There’s a moment towards the end of Fernando Meirelle’s The Two Popes when Benedict XVI (Anthony Hopkins) decides there is something he really has to get off his papal chest. ‘I’m going to retire,’ he announces.

His companion, the future Pope Francis (Jonathan Pryce), is slow on the uptake. ‘Retire? Retire from what?’ he asks, bemused.

(Look, if you think that counts as a spoiler… well, I don’t know what to say, except that I hope that being in the coma hasn’t left you with too many long-term health issues.)

It’s one of many funny moments in the film, which is consistently much lighter on its feet than you might expect. We’re getting to that time of year, after all, when the slower, heavier, and more respectable films start to show up. The Two Popes is a Netflix production, and presumably forms part of the company’s strategy of attracting viewers by being the only place where you can see prestigious, award-winning productions. Of course, in order to win the awards, the film has to get into actual cinemas, which is why it is currently enjoying a brief theatrical run before becoming exclusively available by streaming.

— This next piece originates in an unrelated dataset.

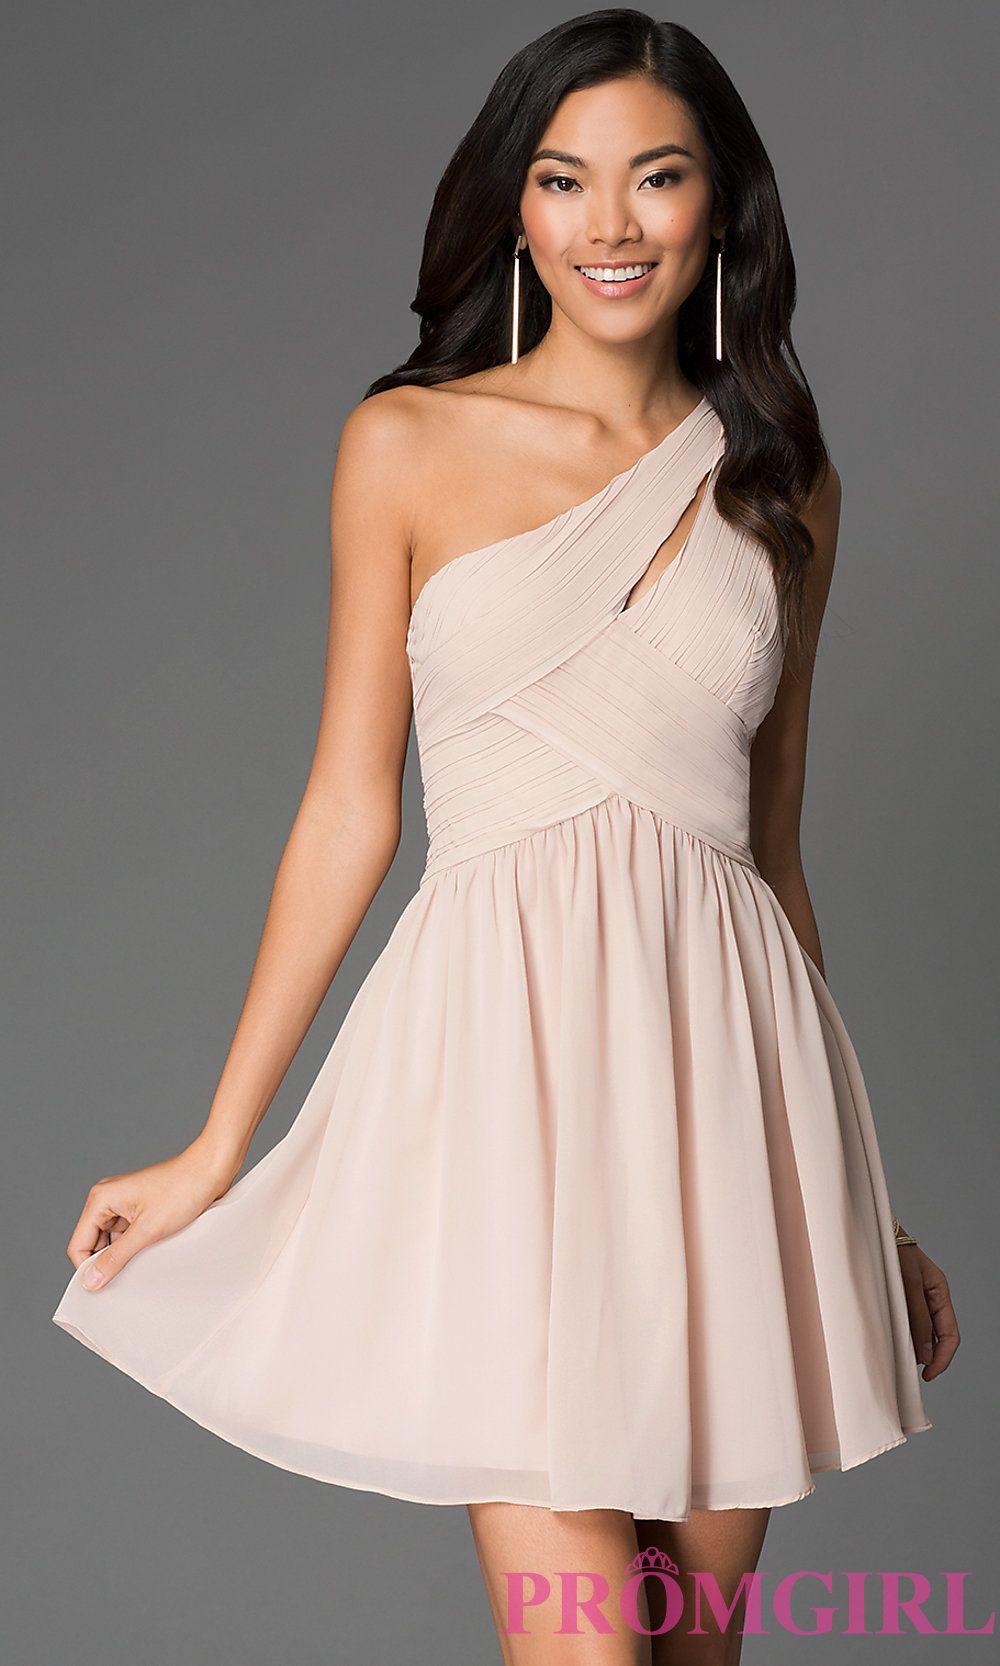 Short one shoulder dress junior prom dress promgirl jr short one shoulder dress junior prom dress promgirl ombrellifo Choice Image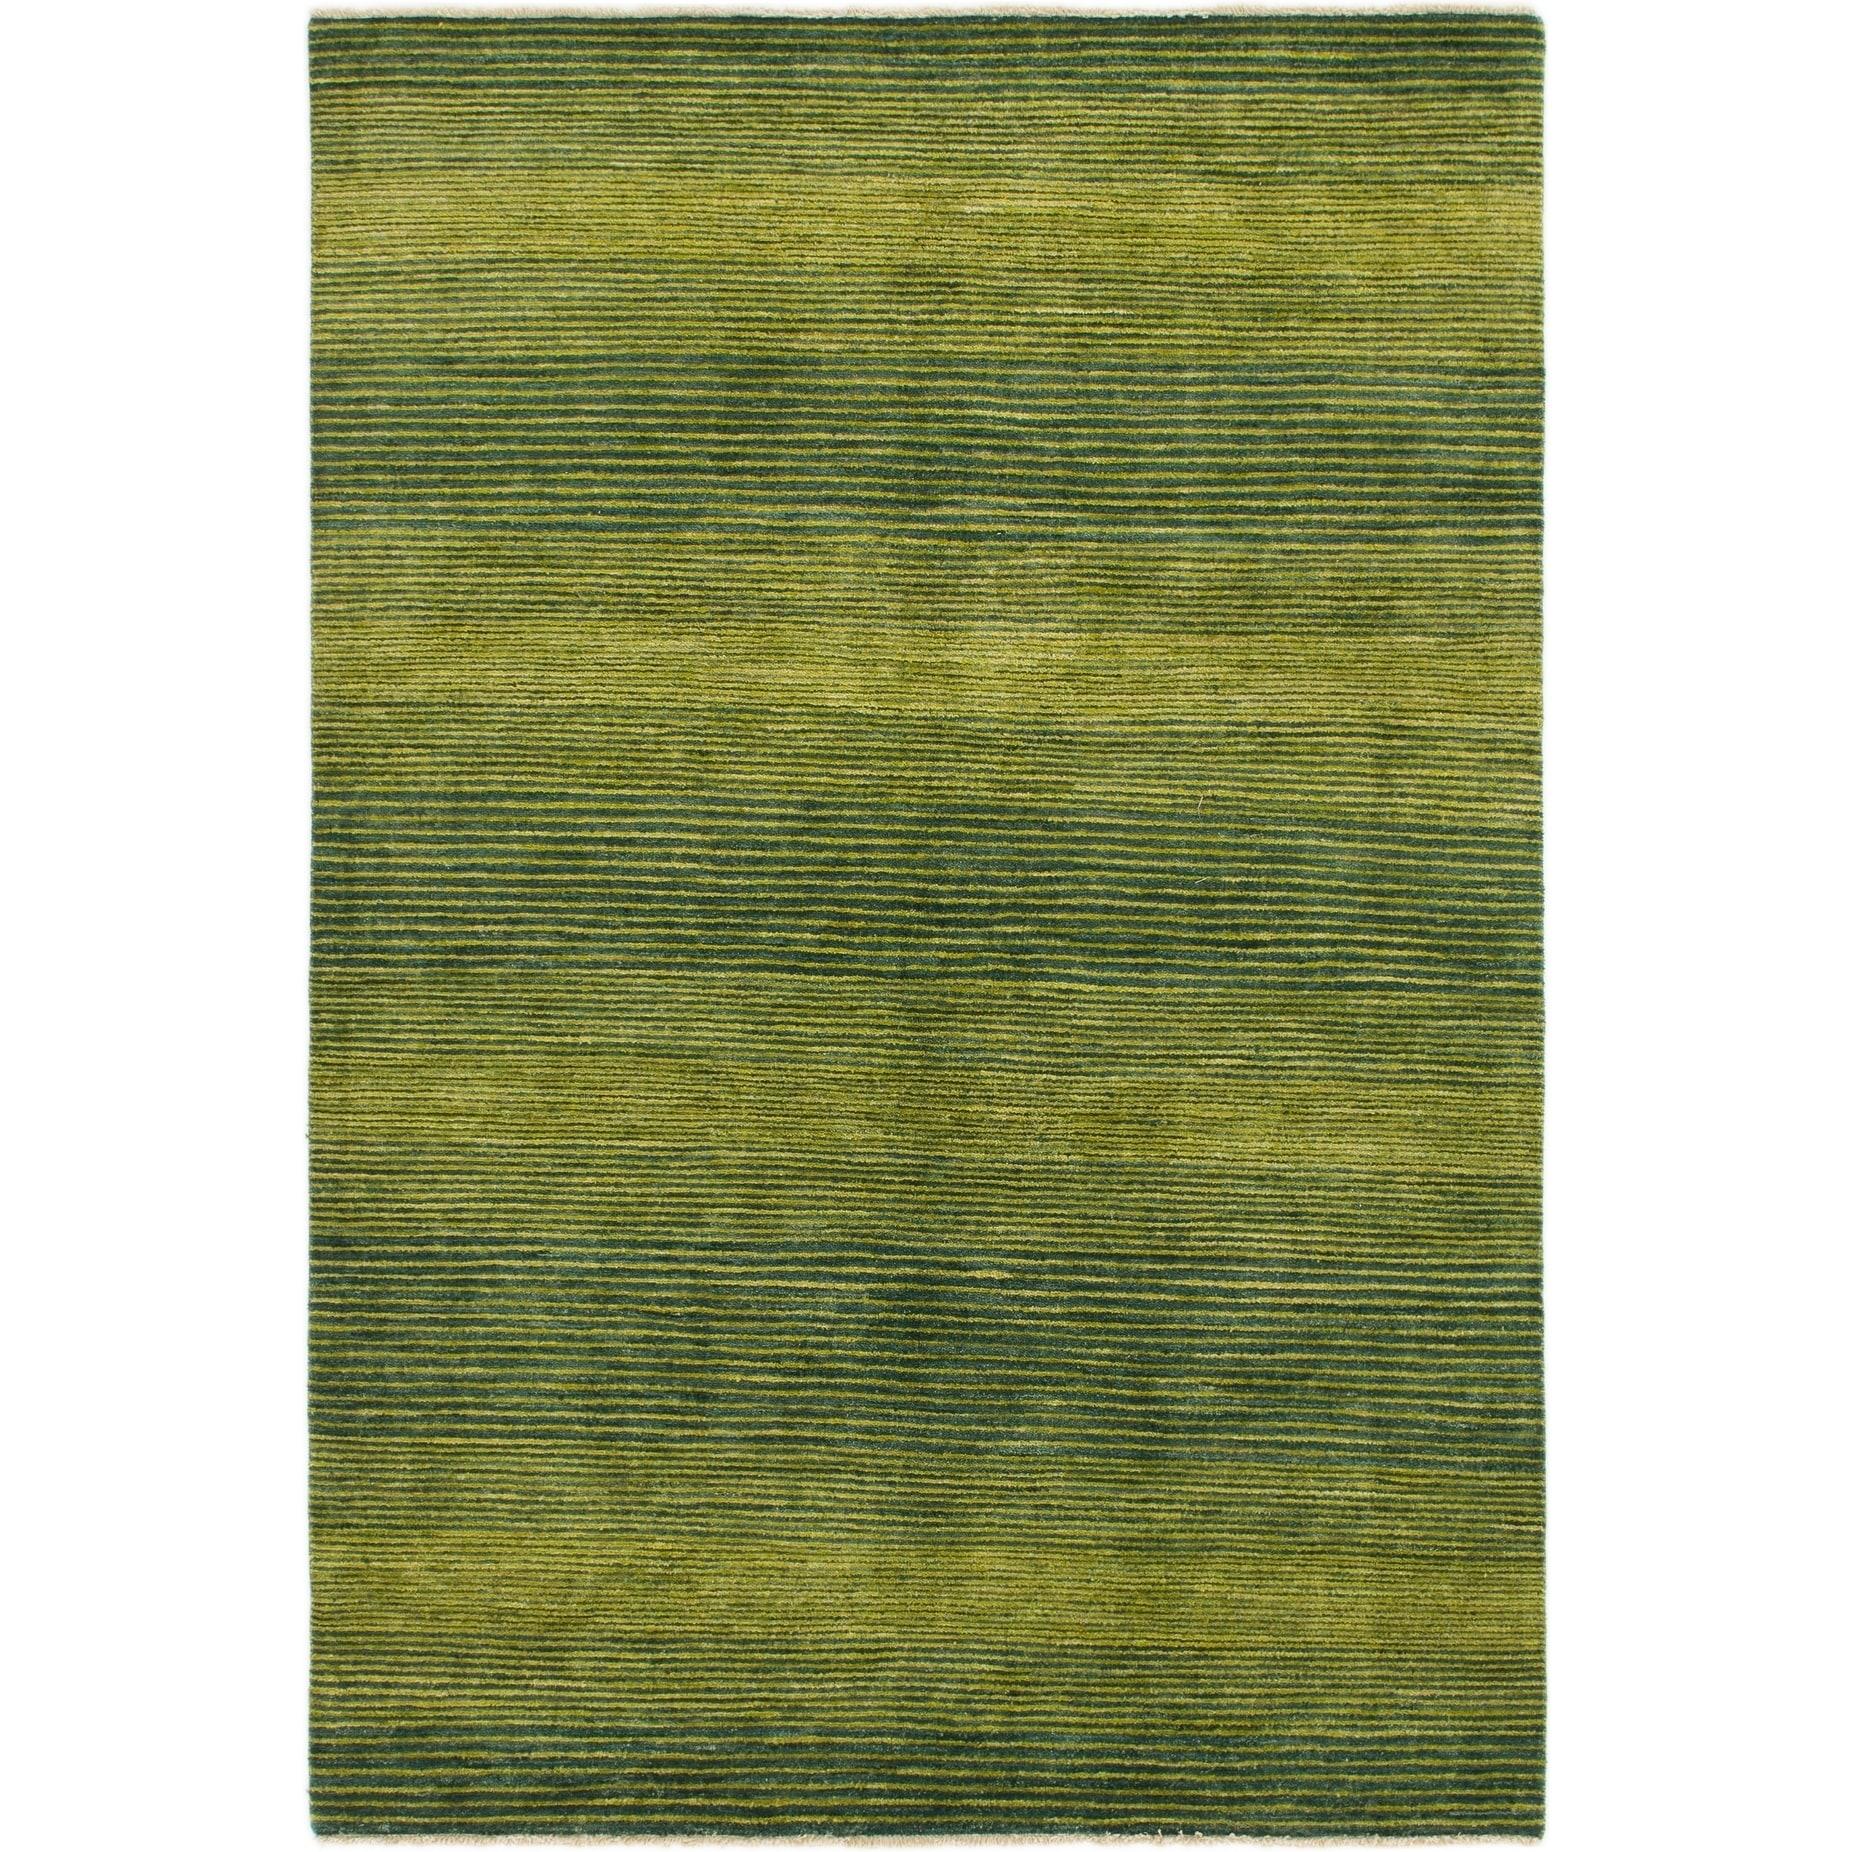 Hand Knotted Kashkuli Gabbeh Wool Area Rug - 5 6 x 8 2 (Hunter green - 5 6 x 8 2)

I find it hard to find many positive things to say about this way of doing things, but this is an undeniably solid, classy movie.

As noted, the film presents itself as a dramatisation of various events which might very well have happened in recent years. The story proper gets underway in 2005, with the death of the incumbent pontiff, John Paul II. As usual, there is a good deal of politicking about who will take his place, with the hot favourite being the previous pope’s doctrinal enforcer, Joseph Ratzinger (Hopkins – the thing with the papal names means that the two lead characters have multiple names across the course of the movie). Mounting an unexpectedly strong, if rather reluctant challenge, is Argentinian cardinal Jorge Bergoglio (Pryce), a man of an entirely different character.

Ratzinger is duly elected, and a somewhat disenchanted Bergoglio, anticipating the rigid conservatism of the incoming pope, returns home to Argentina to plan his retirement. Years pass, and relations between the two men do not improve. However, the problem is that Bergoglio can’t retire to a quiet life in a parish without the Pope’s permission, which Benedict is very reluctant to grant in case it is interpreted by vaticanologists as an implied criticism of his papacy. The Pope summons the cardinal to discuss the problem – and some other things he has on his mind.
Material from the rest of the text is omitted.